Al Qaeda figures, including some already wanted in pre-September 11 attacks on U.S. targets, dealt directly with then-President Charles Taylor and other leaders and warlords in the West African country of Liberia from 1999 onwards, according to the accounts. The witnesses told of meetings and sightings in the seedy hotels and safe houses of Monrovia, the blighted capital of what was then a rogue nation.

Al Qaeda's purported aim: snapping up diamonds in order to have easily convertible, untraceable resources after the first U.S.-led moves freezing al Qaeda bank accounts and other conventional assets worldwide in 1999.

The dossier, apparently prepared by U.N.-backed investigators for presentation recently to the September 11 commission and other officials in Washington, shows that sources interviewed by prosecutors are corroborating in detail accounts of links between al Qaeda and West Africa that news media and independent watchdog groups have previously reported.

"It is clear that al Qaeda has been in West Africa since September 1998 and maintained a continuous presence in the area through 2002," the U.N.-backed war-crimes investigators in West Africa, led by American David Crane, said in the confidential report.

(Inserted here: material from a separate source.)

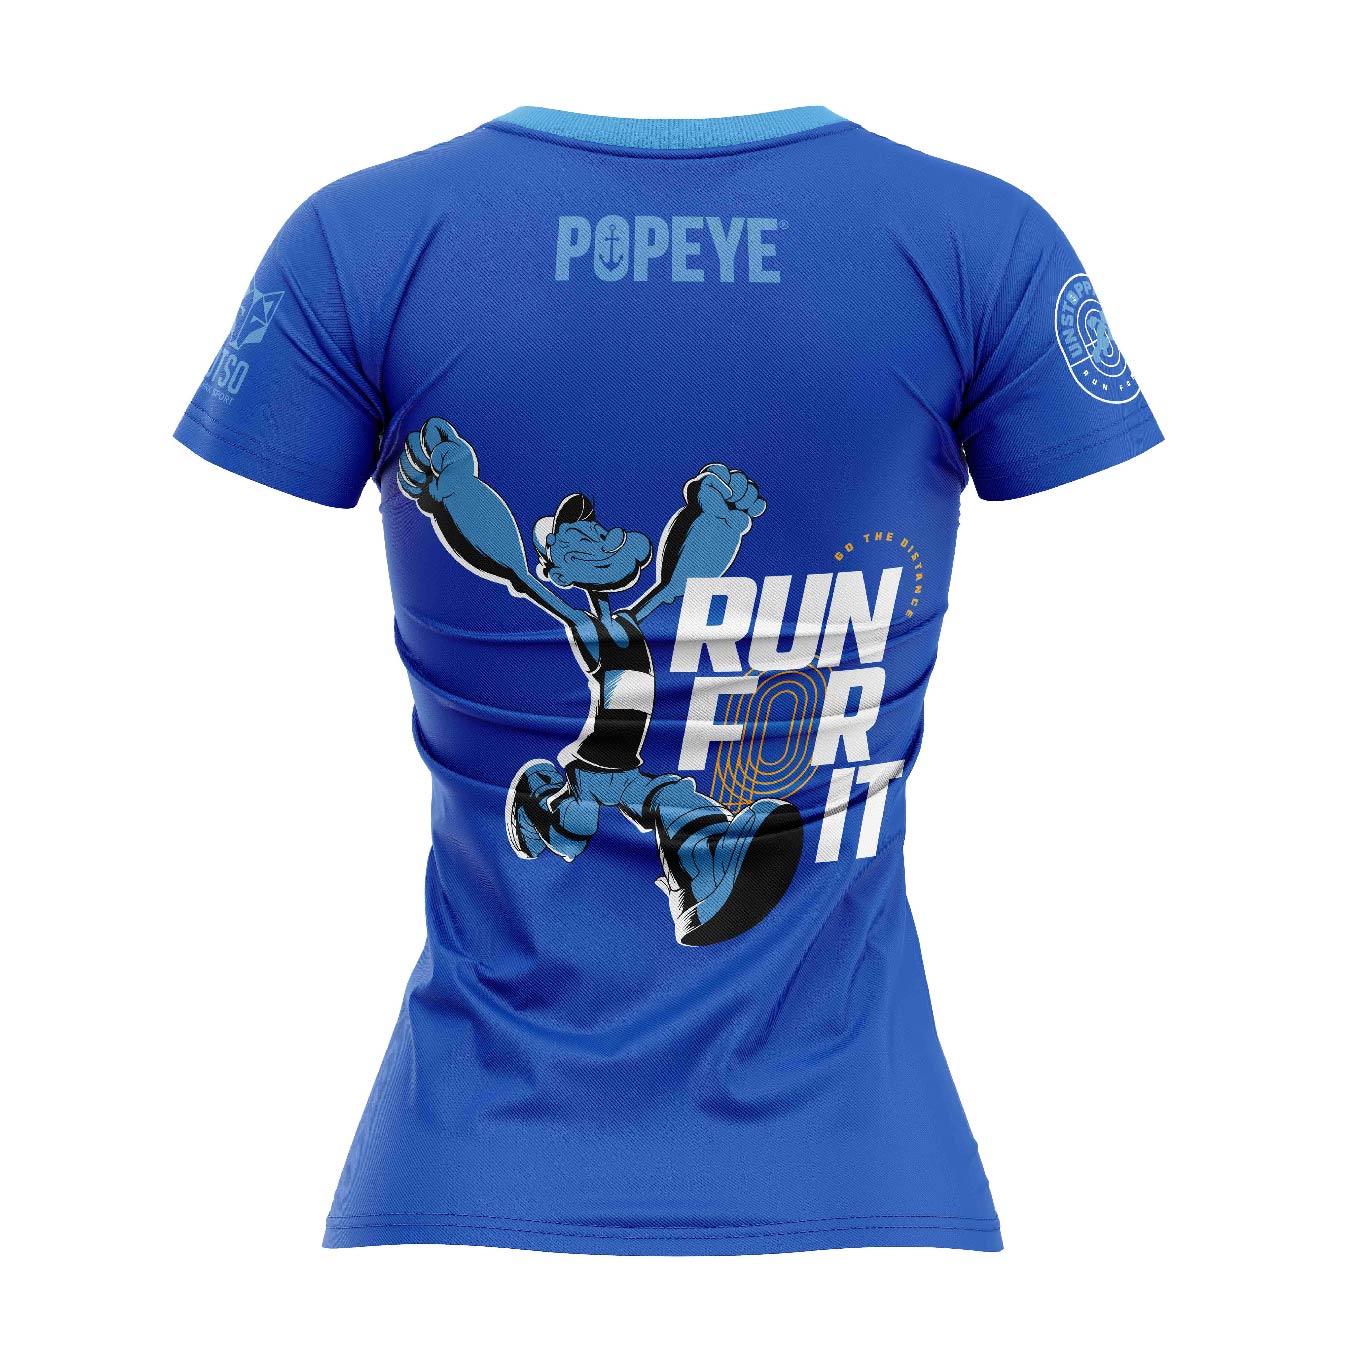 Camiseta manga corta mujer - Popeye Run For It

Separately, one U.S. intelligence official said evidence of an al Qaeda-Africa diamond link now was "close to overwhelming."

The official estimated al Qaeda proceeds in the diamond dealings at $15 million.

However, neither this dossier nor other official accounts to reach the public have offered any direct proof that al Qaeda used diamond profits to fund the attacks. The September 11 commission estimates the attacks cost al Qaeda more than a half-million dollars to pull off.

The current dossier was put together by prosecutors trying war crimes in Sierra Leone, where rebels waged a 1991-2002 terror campaign bent on gaining control of that country's government and diamond fields.

The roster of al Qaeda fugitives purportedly witnessed in Liberia ahead of September 11, 2001, include Ahmed Khalfan Ghailani, a Tanzanian wanted in the 1998 bombings of two U.S. embassies in Africa and arrested July 25 in Pakistan.

Other al Qaeda figures placed in Liberia by direct sources cited in the dossier:

• Fazul Abdullah Mohammed, a native of East Africa's Comoro Islands, accused in 1998 and 2002 al Qaeda attacks in East Africa. The United States has placed a $25 million bounty on Mohammed.

• Egyptian Mohammed Atef, a purported Osama bin Laden military chief, killed in Afghanistan in 2001.

• Pakistani Aafia Siddiqui, the only prominent female figure in al Qaeda, considered by the United States to be a likely "fixer" for the group in the United States and elsewhere. Media reports have said Siddiqui was in Monrovia to iron out problems between other al Qaeda operatives.

• Kenyan Sheik Ahmed Salim Swedan, wanted in the 1998 attacks in East Africa.

• Egyptian Abdullah Ahmed Abdullah, wanted in the 1998 attacks.